Sat Feb 5th or Sun Feb 6
Or we can do the following weekend if that is not enough notice.

I personally prefer shooting ghetto/rugged areas of nyc however im from here and will let the guest or others choose anything for meetup and shoot location.


----------



## LowezAkar (Apr 22, 2012)

If you ever want to go shooting, I am in New York as well.


----------



## brian_f2.8 (Apr 22, 2012)

ah man, im in ct and just had last week off. i was thinking about doing a nyc meet up but i saw no one replied to this a while back, could a would a should a.


----------



## proberok (Apr 22, 2012)

kalmkidd said:
			
		

> last one turned out me and ONE other person. hopefully this one is more solid now that christmas and all the busy time is over.
> 
> Im thinking
> 
> ...



I'm in Harlem.
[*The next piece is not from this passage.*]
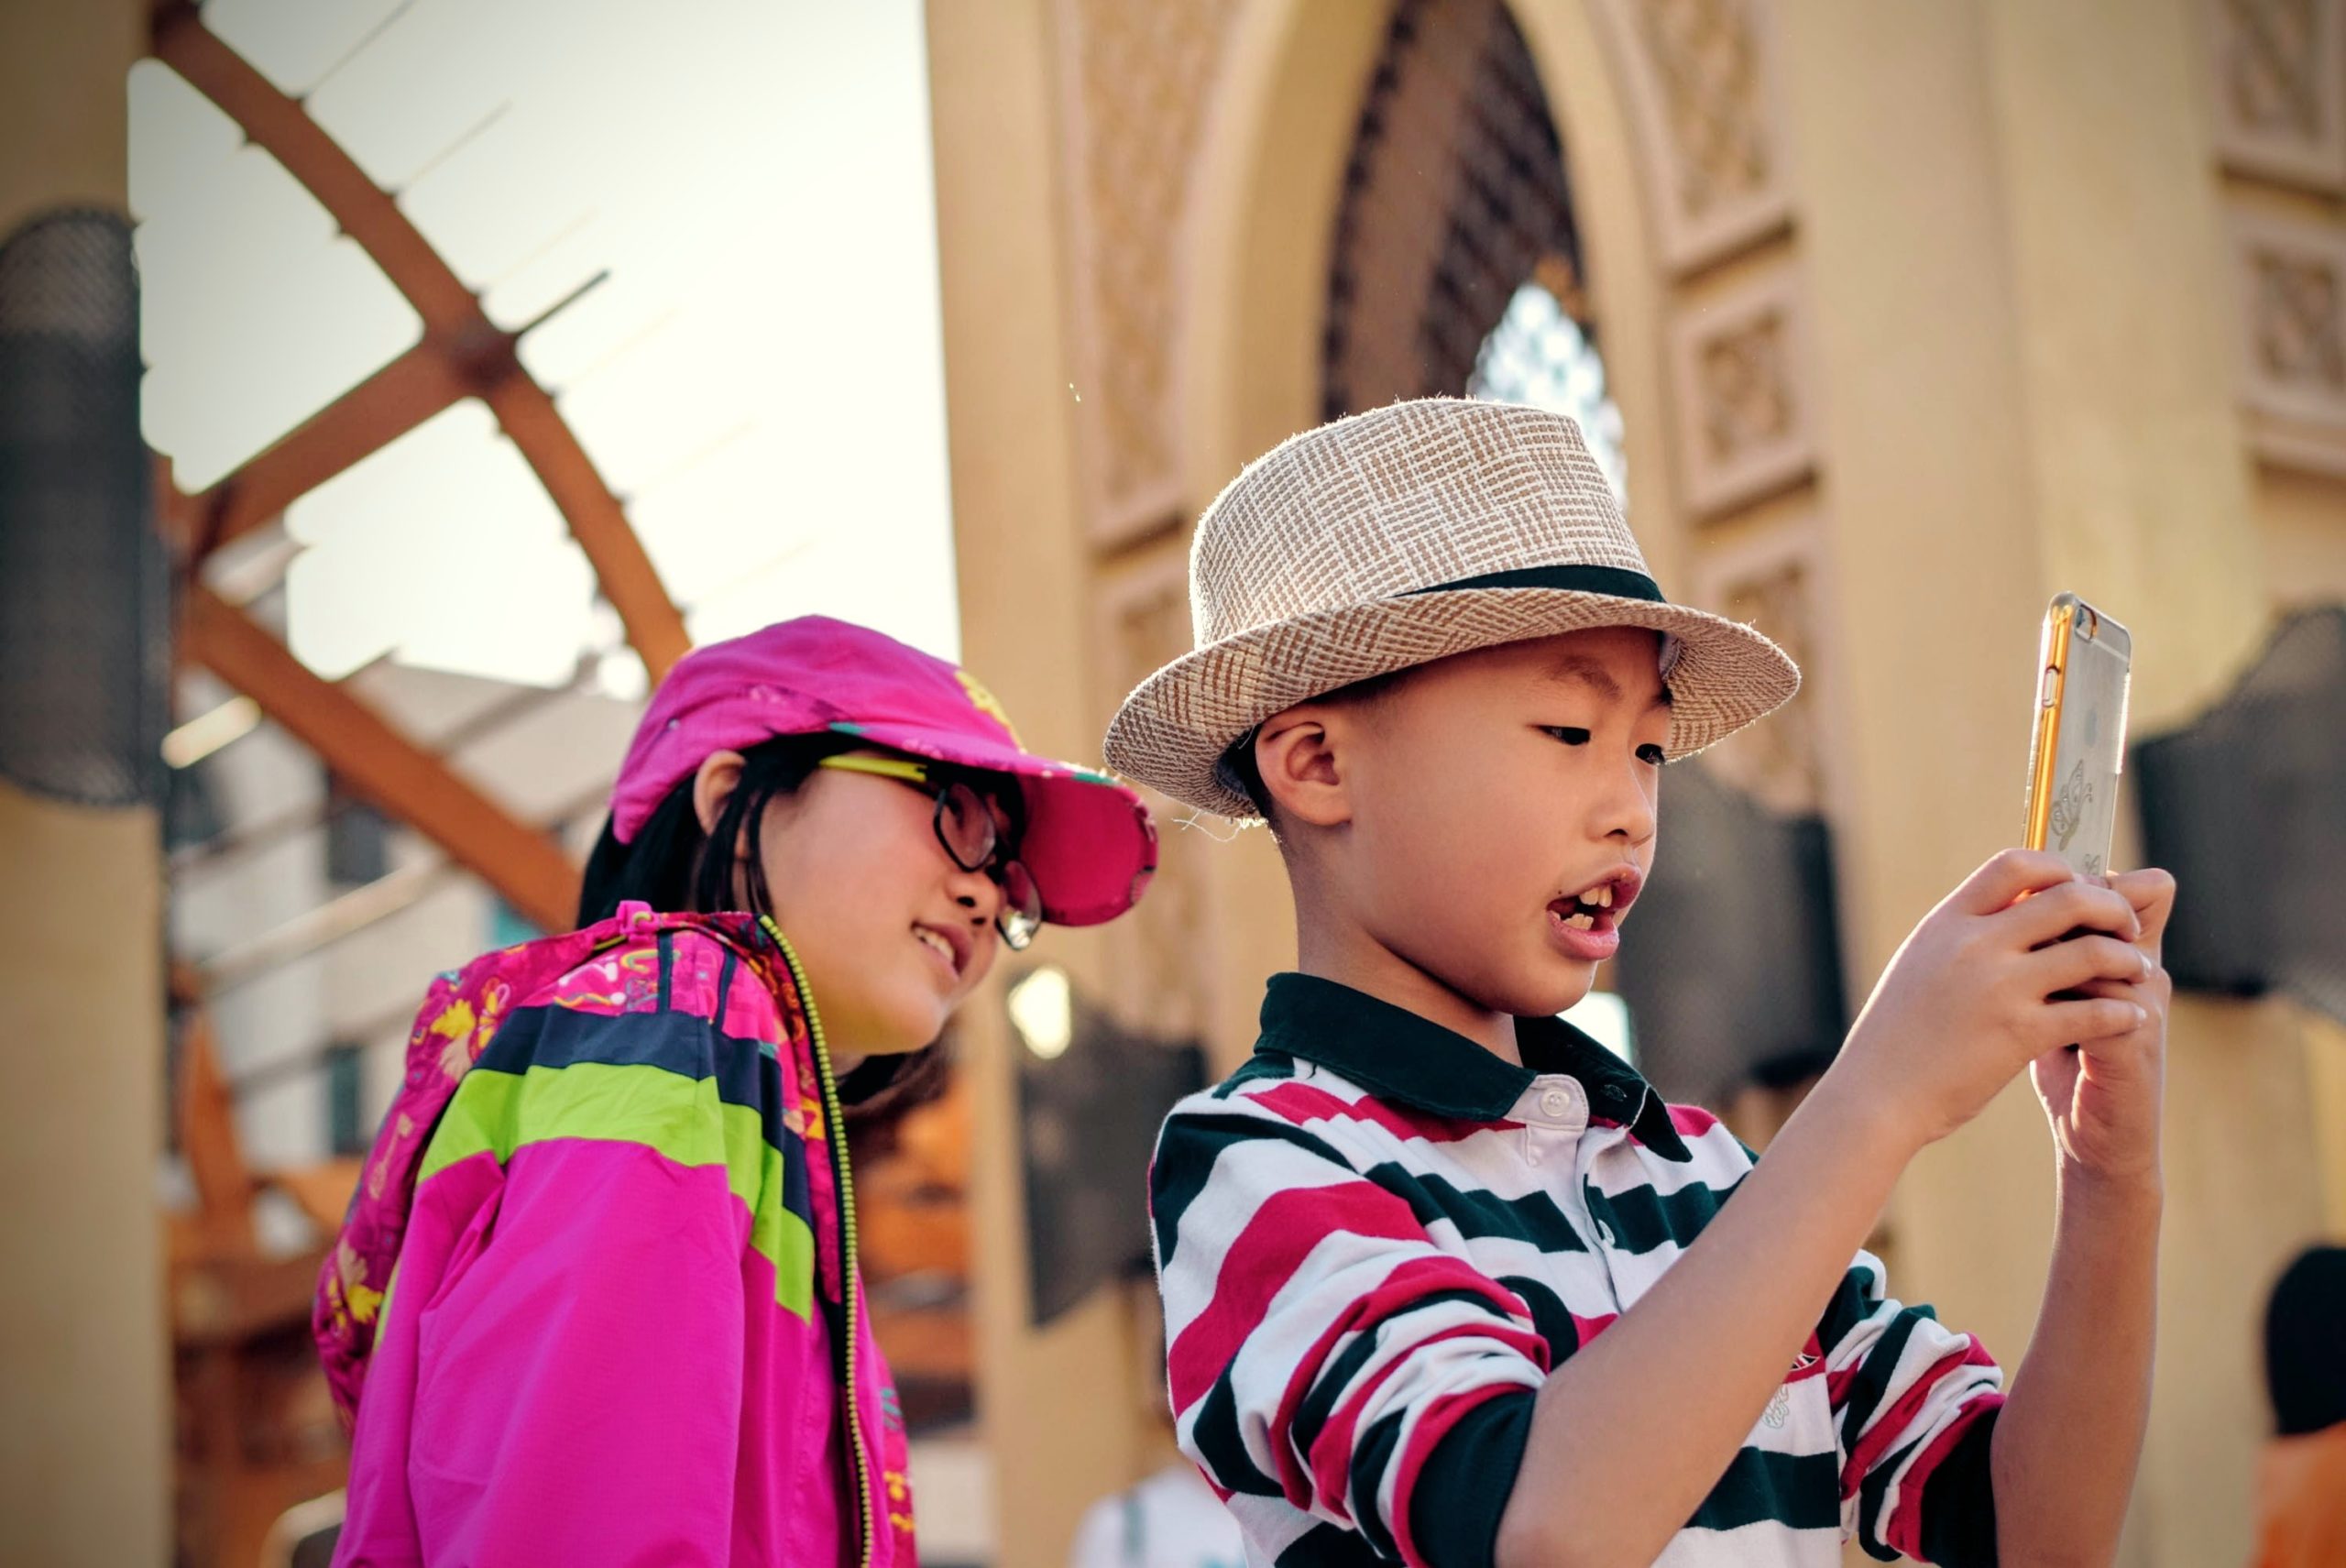 Turistas chinos: De viajar en grupo a viajar independientemente

Let's go shoot up the town!


----------



## 618photo (Apr 27, 2012)

I'm in jersey but would make a trip to go shoot


----------



## joel28 (Apr 28, 2012)

I'm in Brooklyn, NY


----------



## IgsEMT (Apr 29, 2012)

Bk here


----------



## proberok (May 5, 2012)

Let's do this fellas!  When y'all wanna rock?


----------



## joel28 (May 15, 2012)

I'm in Brooklyn, NY and looking for a photography buddy to help me get started in Photography.


----------



## 2WheelPhoto (May 15, 2012)

If you guys get the right model participation, I'll cash in some sky miles


----------



## mark2kumar (Jun 7, 2012)

joel28 said:


> I'm in Brooklyn, NY and looking for a photography buddy to help me get started in Photography.



Hi Joe,  I am in Queen, NY.


----------



## mark2kumar (Jun 7, 2012)

I know few models who might be interested in shooting. Central Park is always a great location to shoot.. just sayin...


----------



## Paul Ron (Jun 8, 2012)

I see this is alive again. 

I'm in, just tell me when n where?

BTW if anyone is registered on Model Mayham.. get all the models you want for a TFP shoot.


----------